I still wonder sometimes why I am the Wife of Gods. I wonder why I would be chosen over the millions of women in the world by Them. Most of the time, I can’t fathom it. I look at myself in the mirror and see plain ol’ me. I don’t always see someone that could be loved of Gods.
I had a mini breakdown yesterday while trying on clothes for my upcoming move. Shamaness, her sister, and a friend were helping me find clothes, and everything I tried on made me feel so fat and unattractive. The clothes were very adorable, but every article seemed to look more and more hideous the more clothes I tried on. By the third or fourth dress, my self-confidence was shredded to pieces, and I couldn’t make myself try anymore on. But, my companions, bless them, did wonders for me. My confidence was never reestablished, but they did convince me to keep trying things on. In the end, I purchased 5 new dresses, 2 blazers, and a pair of comfy sandals. I still have several things I need, clothing-wise, but I have made leaps and bounds in that department.
Part of being shackled has been to confront my fears, with myself and with my Gods. I was forced yesterday to confront my own self-loathing as well as my deep-seated anxiety about money. The Gods are often very grueling task masters in matters of personal betterment, and I am more than certain that this can be included in that.
It’s hard to confront yourself in a mirror, to see yourself as O/others see you. This was something I was forced to do yesterday. I was made to see all of the good things about myself: how pretty my eyes are, my beautiful princess hair (Shamaness’ words, but I am beginning to understand now why my Husbands do not wish me to cut it), even my curves. My companions forced me to overlook my flaws (which are all I see), and it was the hardest thing to do.
I have never believed myself good enough to be a Wife. I never really understood why I was chosen or how They could love me. I want to believe it’s that I am beloved to Them, but most of the time I can only make myself believe that it’s because I am an asset to Them in some way, not simply because I am loved by Them. This came to a head when it was decided to shackle me: I’m really am not good enough at even living my own life, so how could I ever really hope to be a good Wife? How could I ever hope to be someone They wanted me to be when They have to shackle me and force change upon me? How could They want someone who is such a nuisance like me? “Because We love you” was never a good enough answer.

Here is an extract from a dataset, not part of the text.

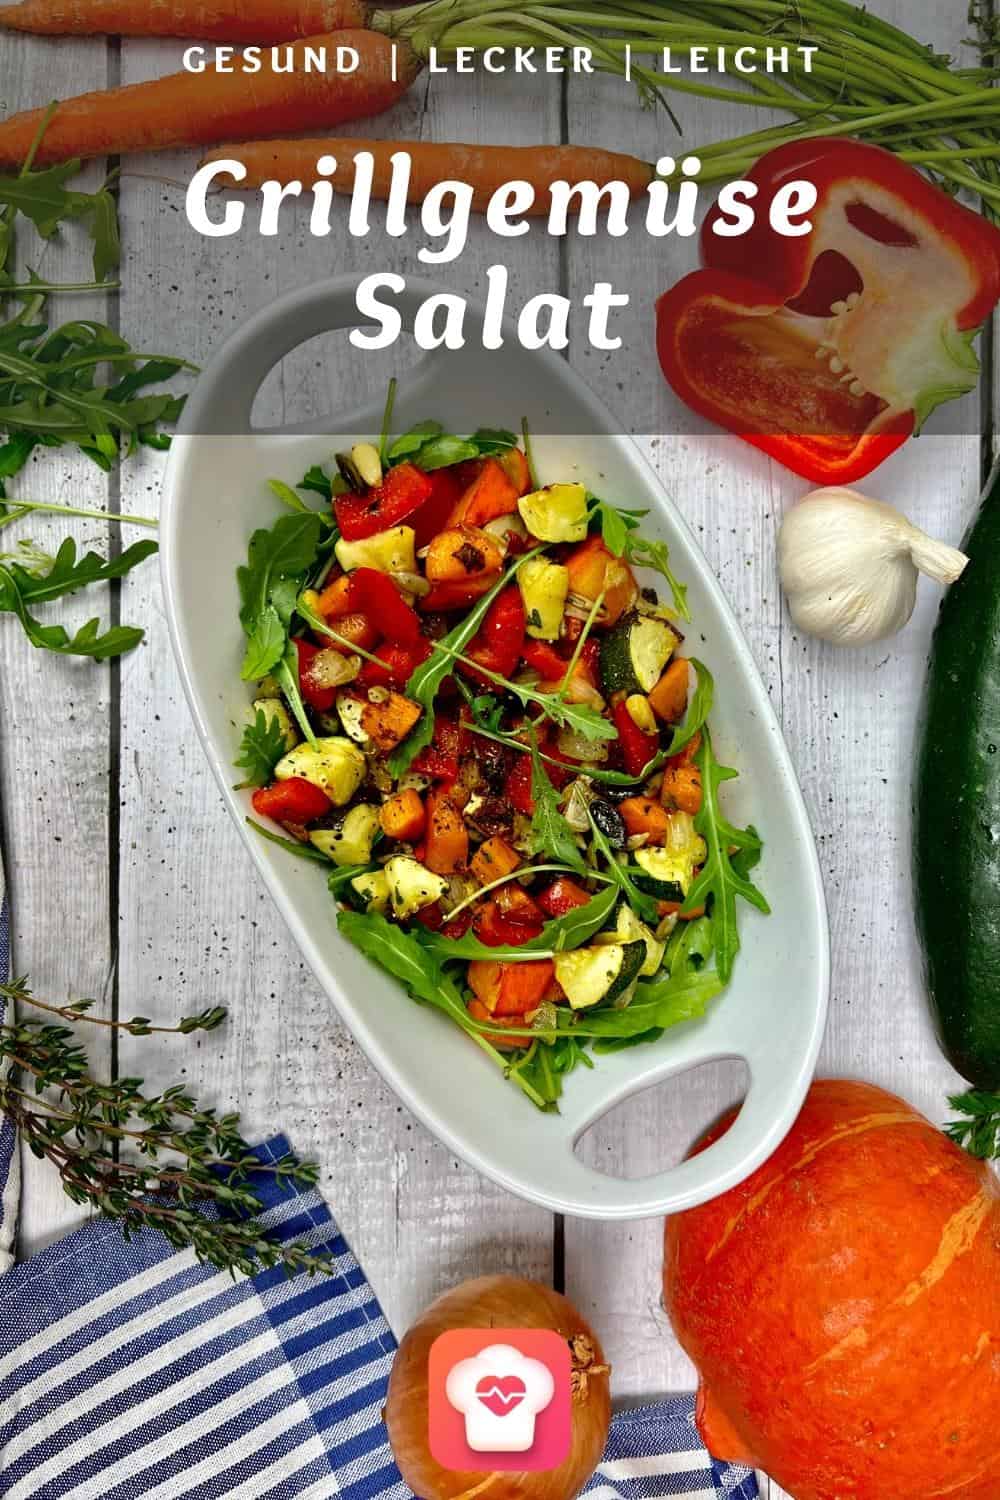 Grillgemüse-Salat - Gesunder Salat mit knackigem Gemüse
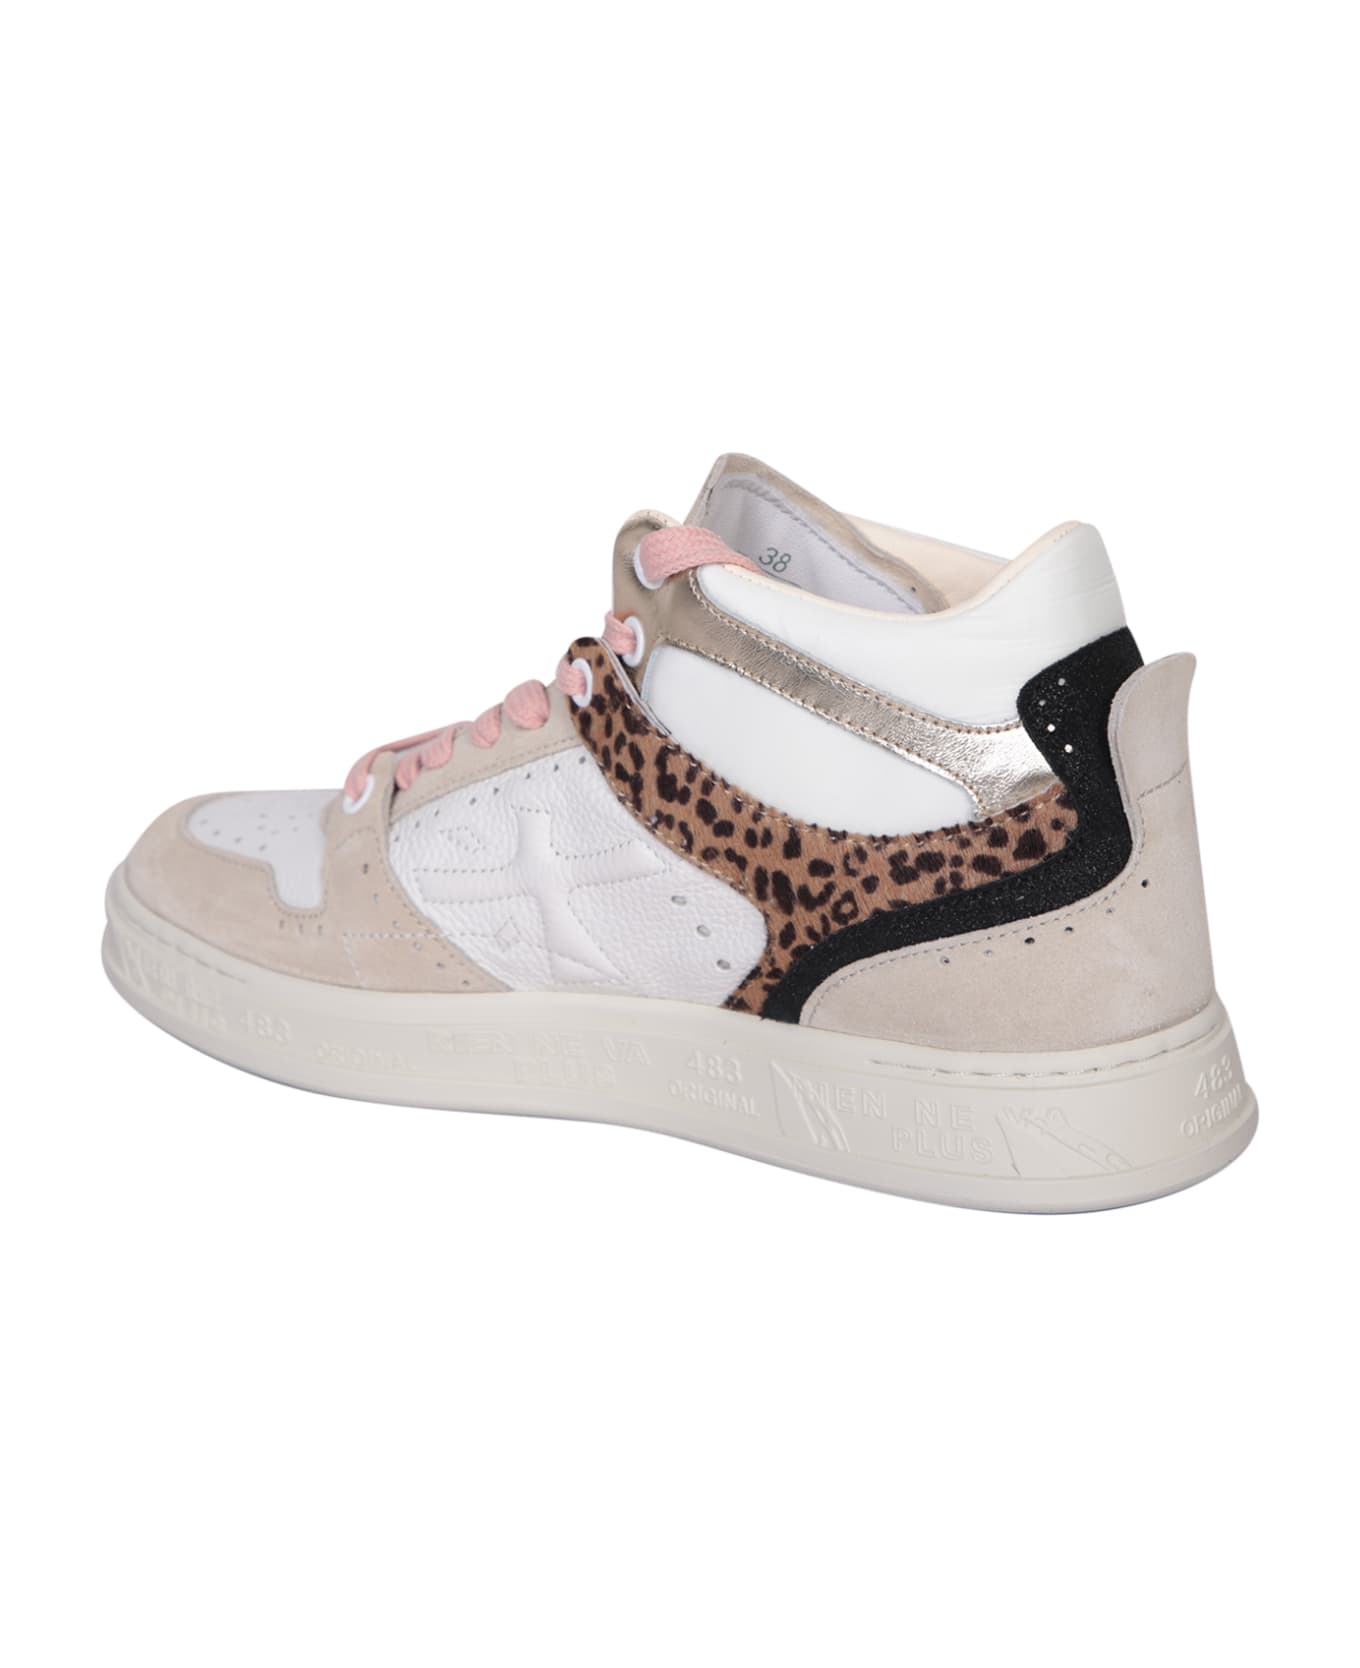 Premiata Midquinnd Leopard/white Sneakers - White

I’m human still, and I strugglebus constantly. But, I’m still loved of Gods, and I wish I wasn’t so broken that even that isn’t enough to overcome my damage. Yet, I must remember that They knew this was what They were getting when They agreed to be with Me in whatever fashion They have chosen. It still just boggles me that this is something They willingly undertook. Still I wonder, though, why this is. I may never truly know, just as I’m sure no Godspouse ever really knows why s/he was chosen by his or her Deity. I do hope to understand one of these days, and perhaps I will, but until then, I will still wonder.